Andy's probably thinking well that's taken the heat off of me,lol.
Jake Shields may not get signed by UFC if he wanted to go that route, Nate might get fired, Melendez should get a warning at least.
On the lighter side, if Mayhem ko'd the 3 champs, would that have made him mma's first triple champ,lol


----------



## NavyChief (Oct 10, 2007)

JimmyJames said:


> Dana is gonna love the fact that he ruined a Strikeforce event.
> 
> Hell he might get a raise outta this!


That was exactly what I was thinking.


----------



## Hiro (Mar 9, 2010)

Professional fighters jumping one guy, real good look. The Diaz brothers are morons and Shields is a stuff faced clown. Hope he comes to the UFC so GSP can smash him.


----------



## NavyChief (Oct 10, 2007)

footodors said:


> How is it that the Diaz brothers haven't ended up on "America's Most Wanted" or "Cops"?
> They always seem 1 second away from pounding someone's face in.

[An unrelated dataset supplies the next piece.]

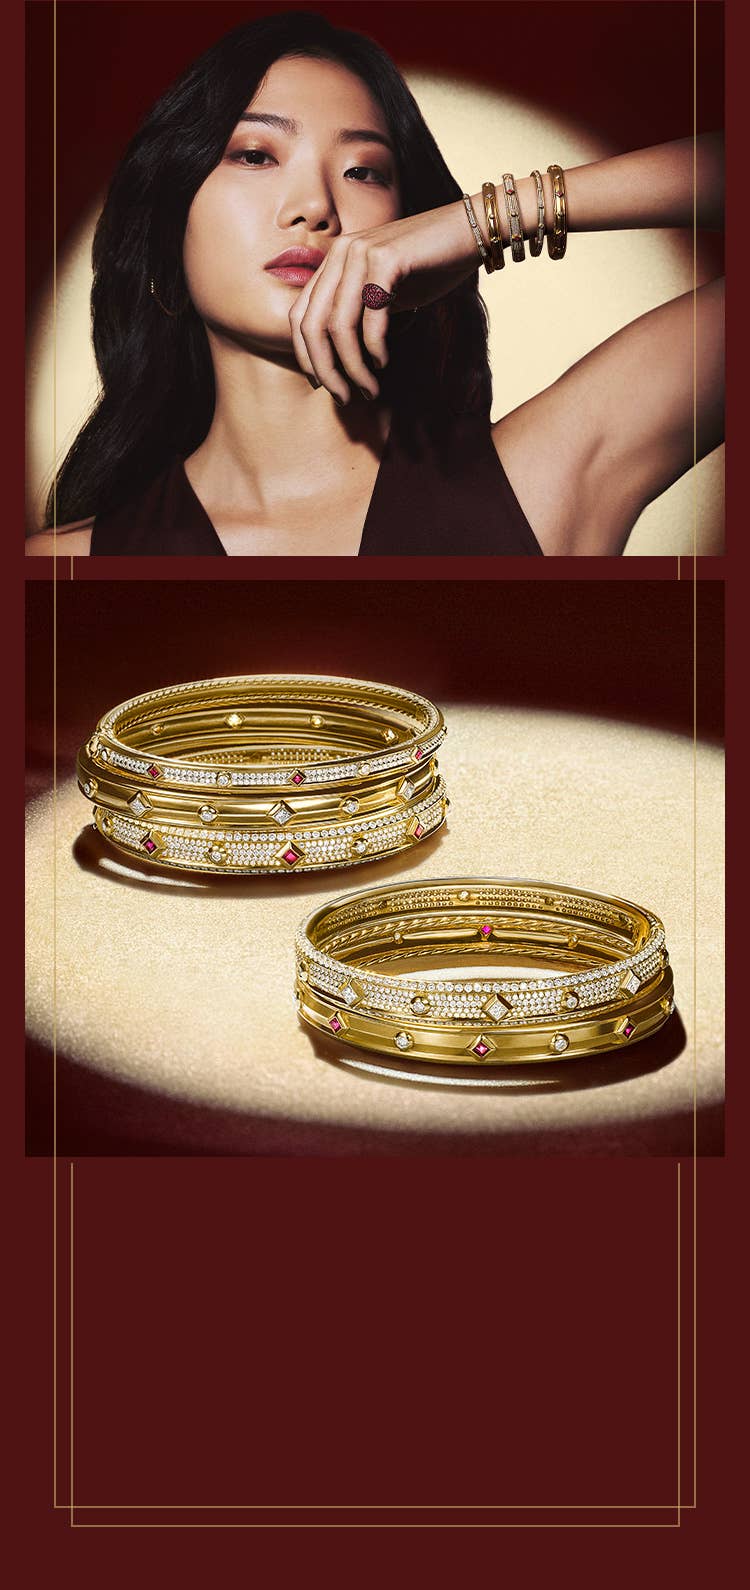 An image of gold modern renaissance bracelets and a female model wearing them with a ruby pinky ring.

Hahah. That's my Stockton Cali Gang banga's for ya. Frankly, this was the most entertaining part of the entire evening.

Except maybe when the oh-so-serious looking Mauro Renallo said (when enterviewing Hendo pre-fight)..."Dan, you've been on big stages all over the world, and now, here you are, on the biggest stage of them all...CBS".

I was freakin' howling when he said that (I was also a bit drunk by that point but it was funny nontheless).


----------



## locnott (Apr 1, 2009)

The general public and people who oppose MMA wont see it as Strikeforce and not UFC, they will see it and its all MMA/UFC to them, Its as bad for the UFC as it is for Strikeforce and a black eye for all mma..


----------



## NavyChief (Oct 10, 2007)

locnott said:


> The general public and people who oppose MMA wont see it as Strikeforce and not UFC, they will see it and its all MMA/UFC to them, Its as bad for the UFC as it is for Strikeforce and a black eye for all mma..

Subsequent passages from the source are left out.